Operasi evakuasi korban sipil oleh Koops TNI Habema di Yahukimo, yang berlangsung di tengah kontak tembak, bukan sekadar kisah keberanian taktis. Aksi ini secara fundamental membuka luka normatif: pelanggaran terhadap prinsip dasar Hukum Humaniter Internasional (HHI). Ketika pihak militer—yang dalam konteks ini adalah kombatan—bertindak sebagai penyelamat, terjadi pengaburan batas yang krusial antara arena permusuhan dan ruang kemanusiaan. Evakuasi korban di zona konflik aktif ini mengubah misi kemanusiaan menjadi sebuah dilema etis yang menusuk jantung martabat hukum, menantang konsistensi Indonesia dalam menjalankan norma internasional yang telah diratifikasinya.
Deformasi Prinsip Dasar: Ketika Kombatan Mengklaim Netralitas
Inti dilema ini terletak pada benturan peran yang tak terdamaikan. Hukum Humaniter Internasional, dengan Konvensi Jenewa 1949 sebagai fondasinya, menetapkan pilar-pilar yang tidak boleh dinegosiasikan dalam pemberian bantuan:
- Prinsip Kemanusiaan: Menjamin penghormatan terhadap martabat manusia dan hak korban atas penanganan yang layak.
- Prinsip Imparsialitas (Common Article 3): Bantuan harus diberikan tanpa diskriminasi, semata berdasarkan kebutuhan yang paling mendesak.

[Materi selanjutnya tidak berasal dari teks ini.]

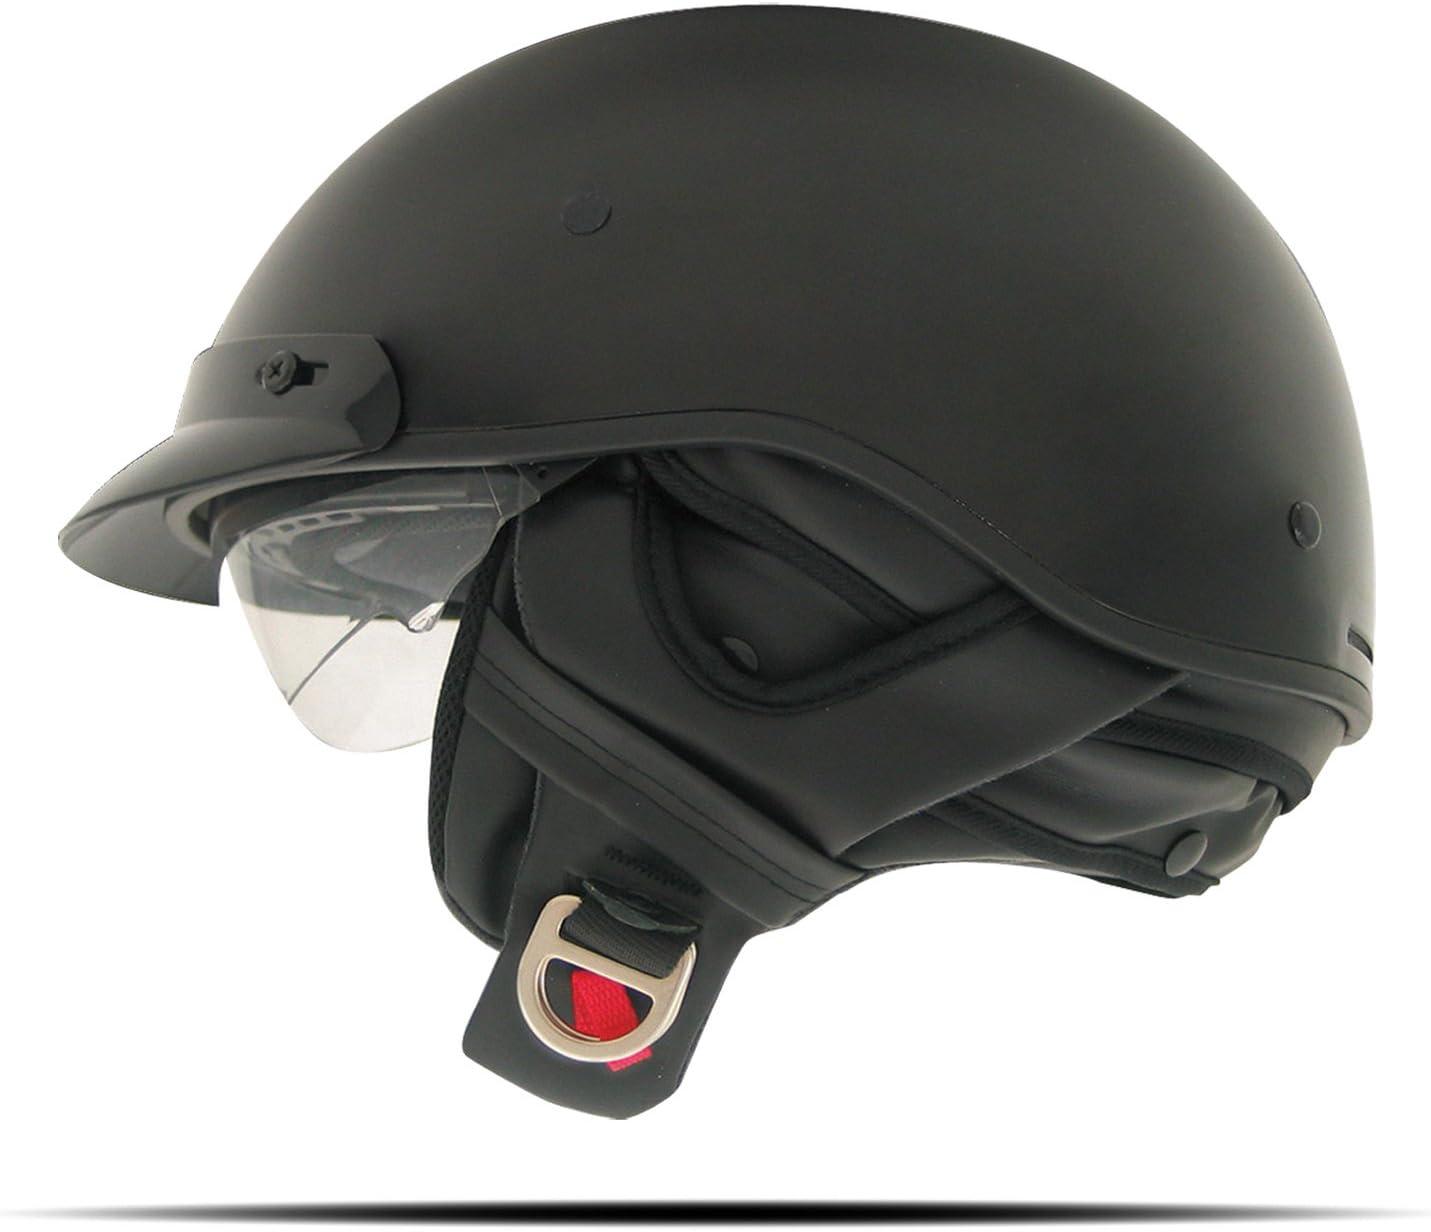 Zoan Low price Route 66 Half Challenge the lowest price of Japan ☆ Helmet 2Xl Matte Black -

- Prinsip Netralitas: Aktor pemberi bantuan tidak boleh memihak atau terlibat dalam permusuhan.
Dengan angkatan bersenjata dari satu pihak konflik menjadi pelaksana evakuasi, prinsip netralitas dan imparsialitas runtuh sejak dalam konsep. Statusnya sebagai kombatan menciptakan 'kecacatan struktural' dalam kerangka hukum. Operasi ini, yang harusnya terpisah dari logika perang, justru terjalin dalam dinamika tembak-menembak. Ini bukan pelanggaran teknis, melainkan penyimpangan dari esensi hukum itu sendiri—suatu usaha melindungi ruang kemanusiaan yang suci dari kekerasan.

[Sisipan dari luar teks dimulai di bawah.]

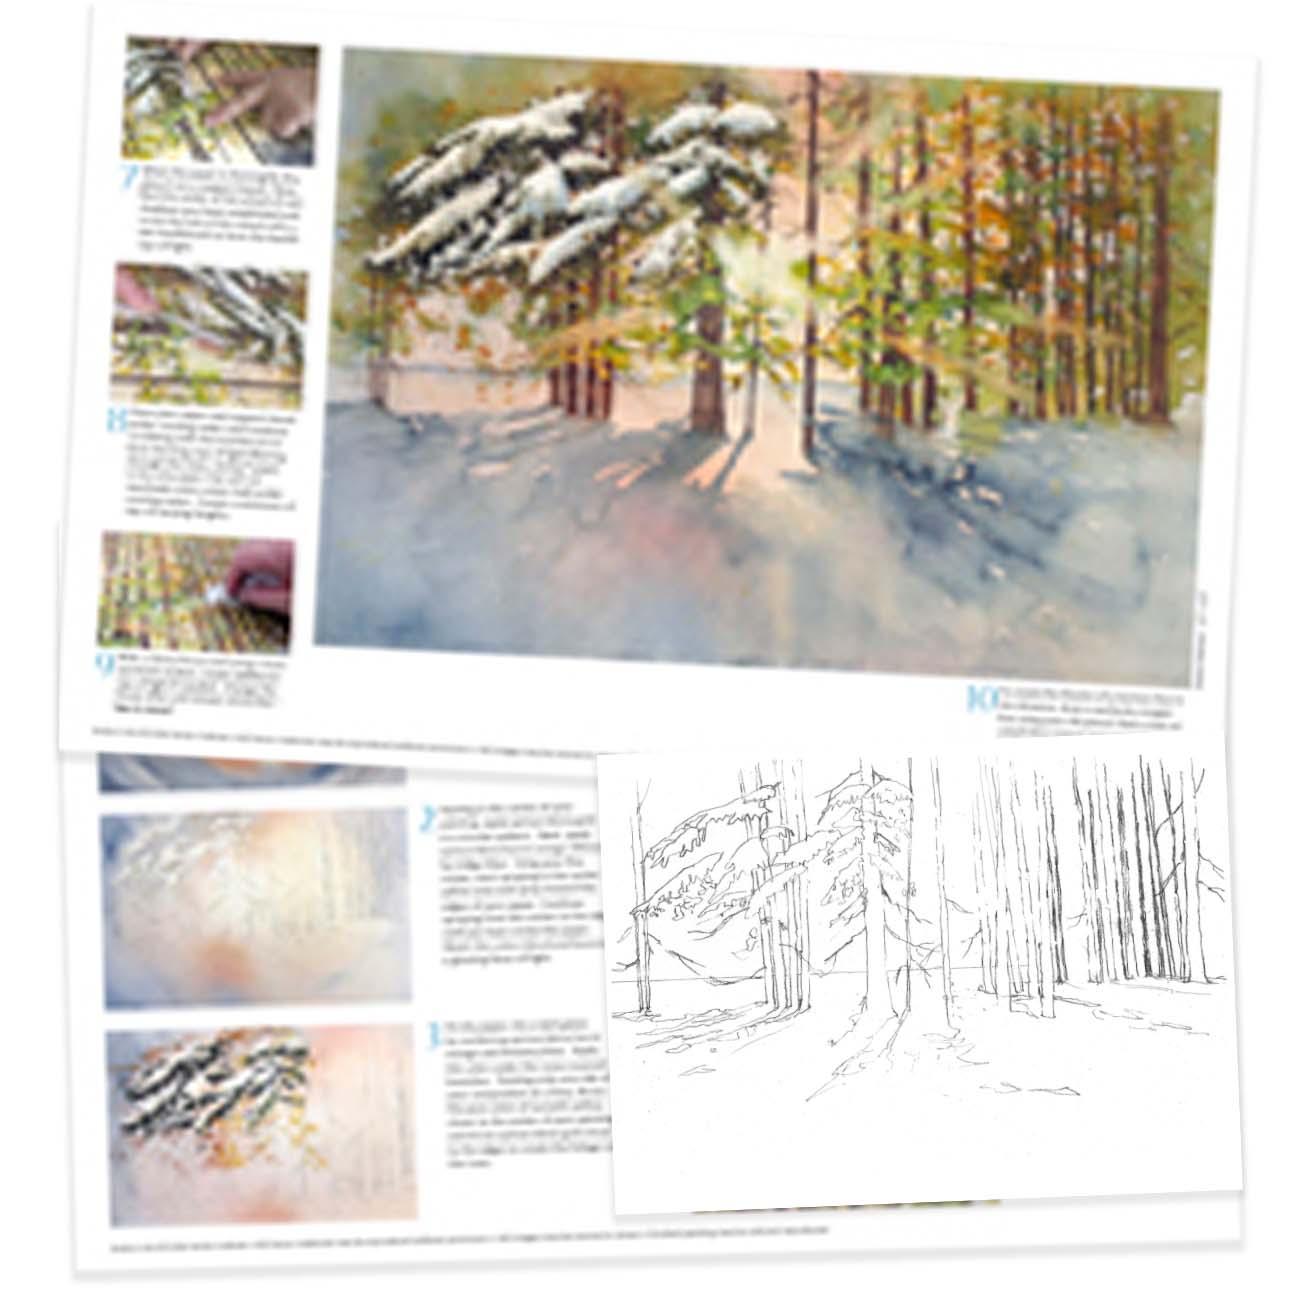 KK079 - Focus of Light on Winter Trees

Kegagalan Negara: Absennya Koridor Amandalam Etika Perang
Insiden Yahukimo menelanjangi kegagalan negara dalam menciptakan lingkungan yang aman bagi misi penyelamatan. Evakuasi korban di zona konflik aktif tanpa adanya:
- Koridor kemanusiaan (humanitarian corridor) yang disepakati, atau
- Jeda kemanusiaan (humanitarian pause) yang dihormati semua pihak,
berarti menyerahkan nyawa korban dan penyelamat pada keberuntungan dan keunggulan taktis semata. Kondisi ini secara diametral bertentangan dengan semangat hukum yang menjamin akses bantuan tanpa hambatan. Ketidakhadiran mekanisme ini adalah pengingkaran terhadap kewajiban negara untuk memfasilitasi bantuan kemanusiaan, sebagaimana diamanatkan oleh Protokol Tambahan I Konvensi Jenewa mengenai perlindungan korban konflik bersenjata internasional, yang prinsipnya banyak diadopsi dalam konflik non-internasional.

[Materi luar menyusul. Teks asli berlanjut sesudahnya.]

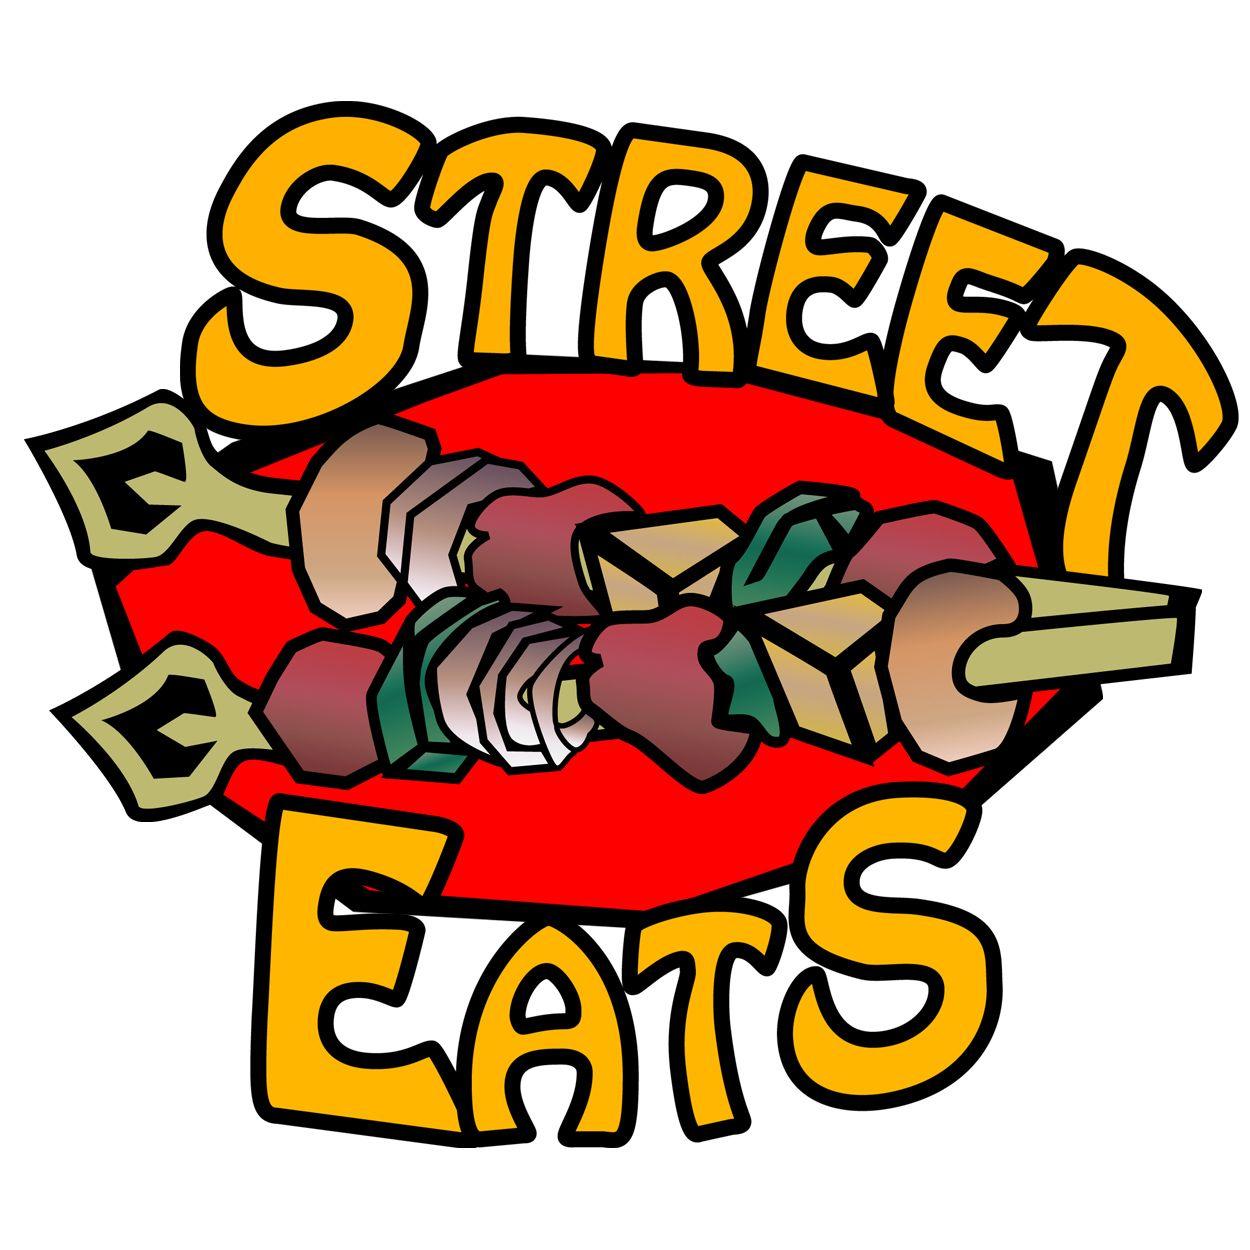 Street Eats. Marketing concept. Food crawl, Best food

Operasi evakuasi yang heroik namun riskan ini memantik pertanyaan kritis yang mendalam: apakah pencapaian taktis—menyelamatkan nyawa—dapat membenarkan kompromi terhadap prinsip hukum yang dirancang untuk melindungi kemanusiaan itu sendiri dalam jangka panjang? Ketika kita mengapresiasi nyawa yang diselamatkan hari ini, kita harus secara etis mempertanyakan kerusakan norma yang mungkin terjadi untuk besok. Bisakah logika perang dan logika kemanusiaan benar-benar disatukan tanpa mengorbankan integritas salah satunya? Pertanyaan ini bukan hanya untuk ahli hukum humaniter, tetapi tantangan bagi setiap aktivis hukum yang berjuang untuk martabat hukum di atas segala kepentingan sesaat.